What Art Did for One Child

“My vivid and colorful imagination turned me into a hopeless daydreamer in elementary school,” recalls award-winning New York art teacher Michele Sommer in this poignant Harvard Educational Review memoir. “Once, in first grade, I was so completely absorbed in a daydream that I didn’t notice all the children had been dismissed. I found myself sitting completely alone at my desk, my teacher glaring at me… I was keenly aware even as a child that the adults in my life regarded my daydreaming as a defect, and so I was deeply ashamed of it. I worked hard to learn to pay attention and follow directions like everyone else. What I wouldn’t give today, as an artist, to once again have that extraordinary mental capacity!” 

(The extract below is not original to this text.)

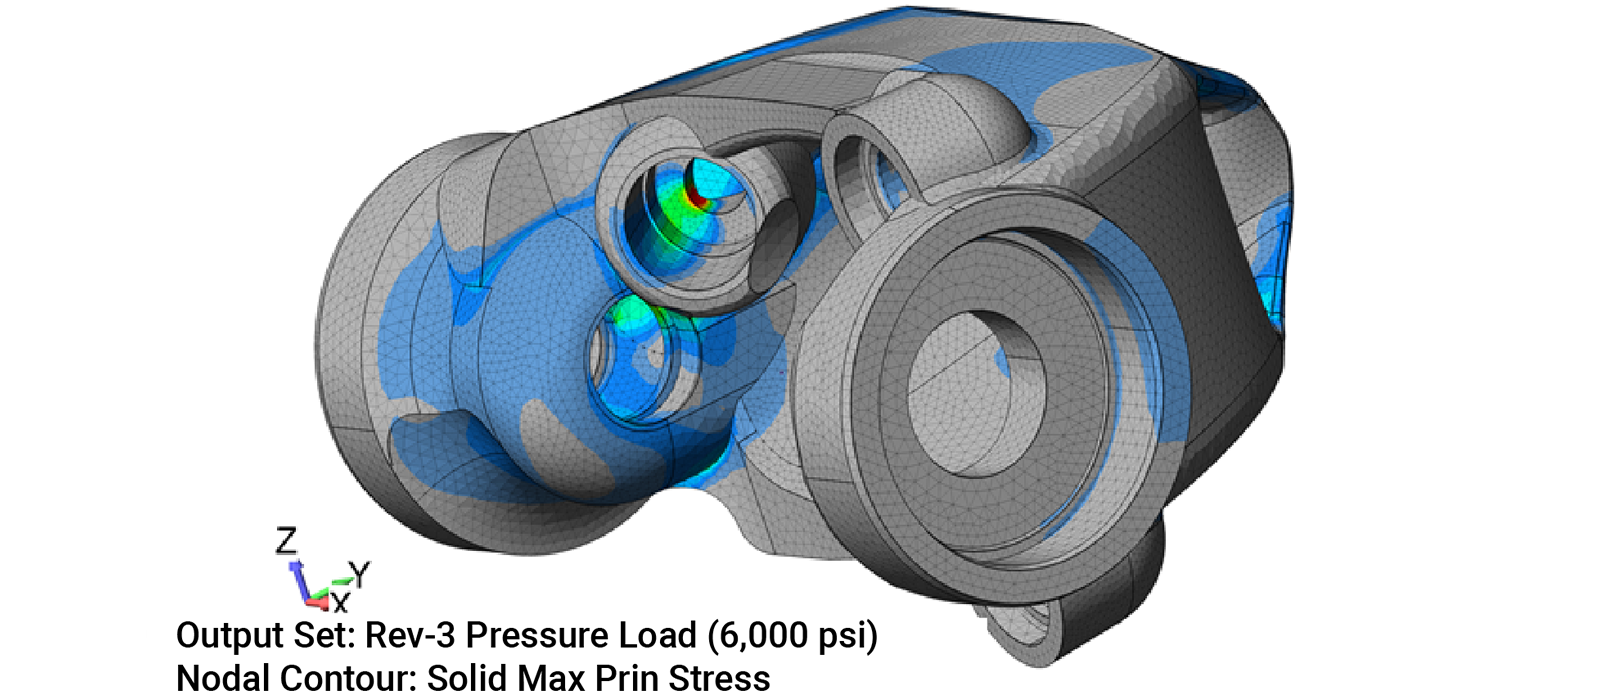 Starting with the same CAD geometry, a finite element analysis model was created to calculate stresses generated by the high-pressure hydraulic fluid. The combination of the CFD and FEA models facilitated a design that reduced pressure drop while keeping stresses below code allowables.

In second grade, Sommer had difficulty with subtraction, so one day she drew vertical lines through all the subtraction signs, turning those problems into addition, which she knew how to do. Her teacher was not fooled and put a big red F on her paper. On the way home, Sommer disposed of the paper under the neighbor’s pine tree. “My earliest failures in school set the tone for my entire kindergarten through twelfth-grade education,” she says. “The negative academic expectations were somehow passed on from grade to grade, teacher to teacher. I felt I could never be an A student.”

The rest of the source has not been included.